Burger King to test reusable cups and Whopper boxes

Undated handout photo of Burger King's new reusable containers, which the firm says will help cut down on packaging waste. (Photo: Burger King/Handout via REUTERS)

NEW YORK: Call it Whopper deja vu. Burger King will begin testing reusable containers next year to reduce waste from sandwich and soda packaging, the burger brand said on Thursday (Oct 22).

The chain, a unit of Restaurant Brands International, hopes customers will ask for their food to come in the reusable packages, pay a deposit, and get the money back after they scan used soda cups and burger boxes through an app before returning them.

Burger King worked with waste management firm TerraCycle's Loop unit on a so-called closed-loop system that creates no waste because special packages are repeatedly cleaned and reused.
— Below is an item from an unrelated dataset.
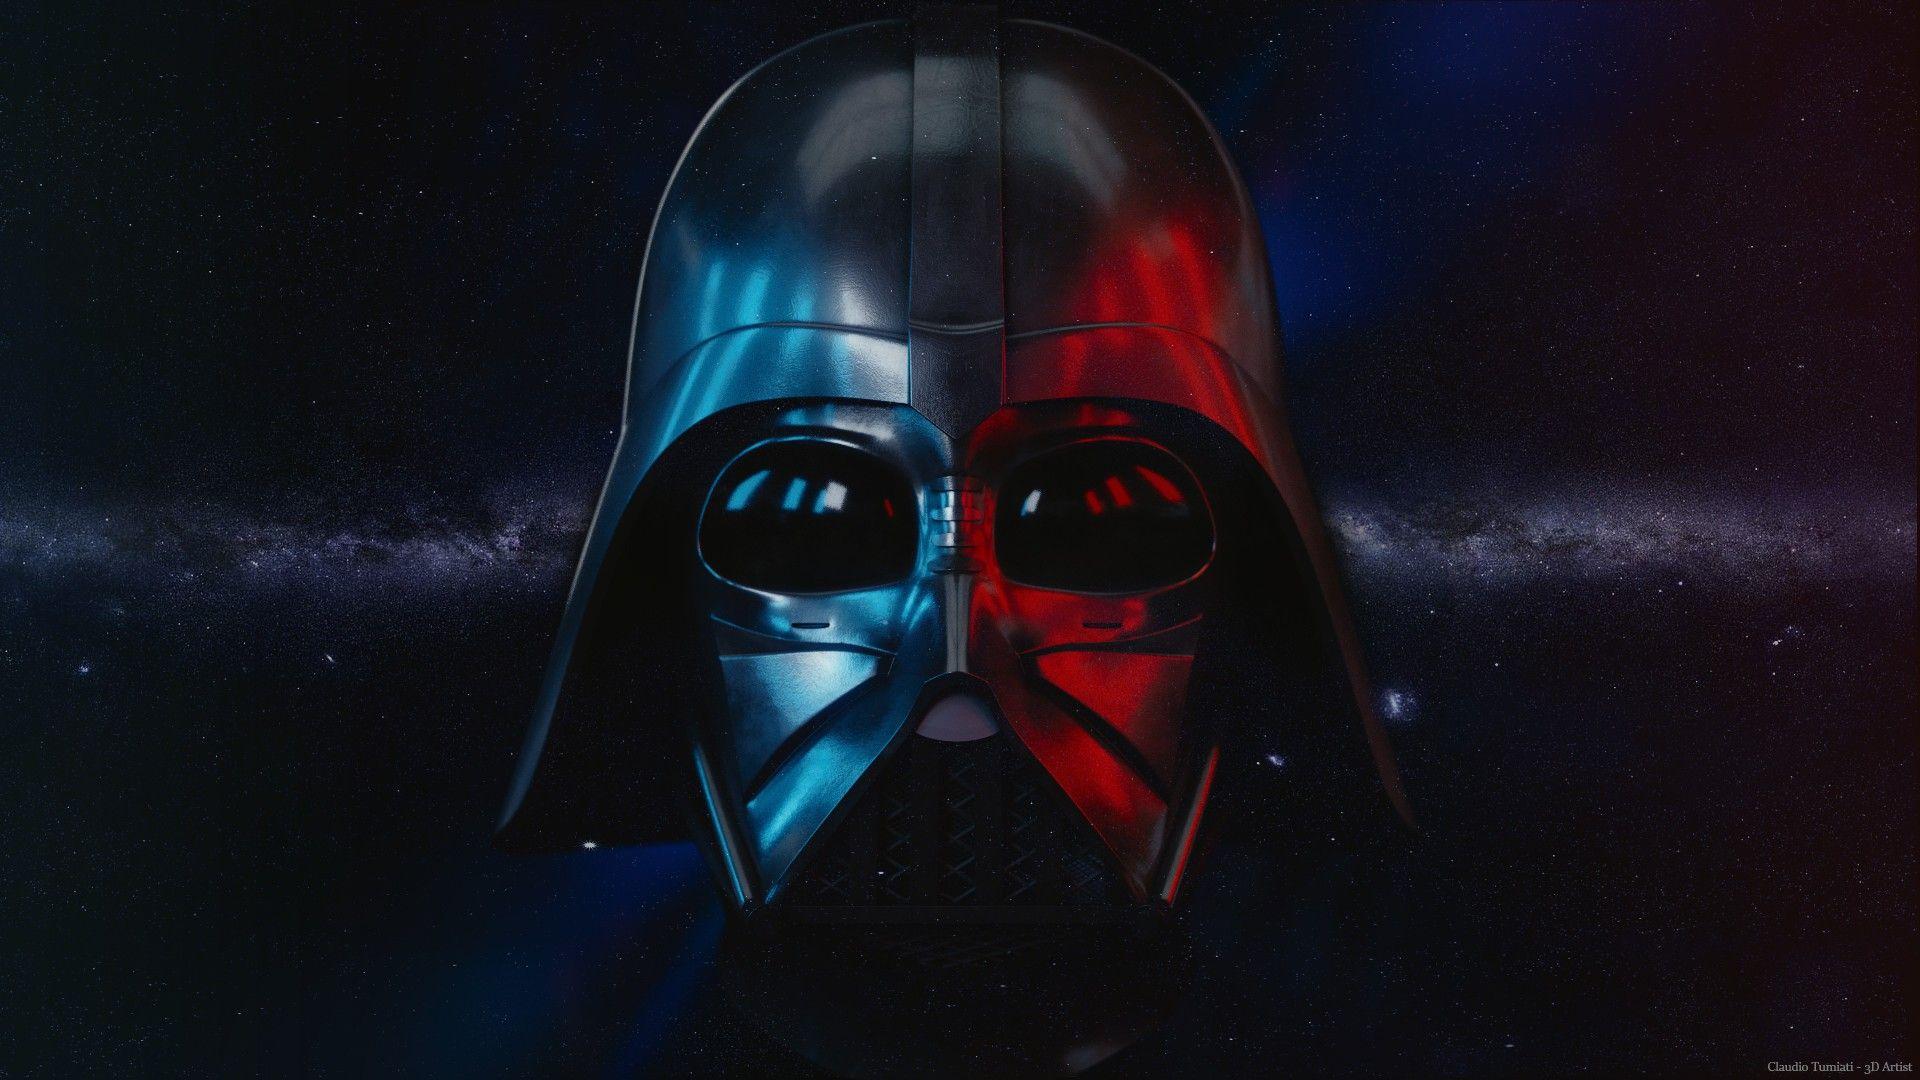 Anakin Skywalker Darth Vader Wallpaper

Materials used to make the packaging have not been finalised.

READ: Single-use plastic bags have ‘lower environmental footprint’ compared to paper and cotton bags in cities like Singapore: NTU study

The pilot programme will launch in the second half of 2021 in some Burger King restaurants in New York City; Portland, Oregon; and Tokyo initially.

Restaurant chains have been experimenting with reusable and recyclable materials in response to environmental concerns.

Starbucks and McDonald's co-founded the NextGen Consortium in 2018 to address single-use food packaging, including a competition to design new cups, lids and straws that are more compostable, recyclable and reusable.

READ: Bring your own containers take a backseat at some eateries amid COVID-19 pandemic

Its aim is to eventually scale up to mass use of such cups.

Burger King said in a statement that its reusable containers would be cleaned with Loop's "state of the art" cleaning systems that are aligned with its own "rigorous safety procedures around cleanliness and hygiene, all of which have become even more pressing during the current pandemic".

Loop's website does not specify what products and processes are used to clean its reusable containers.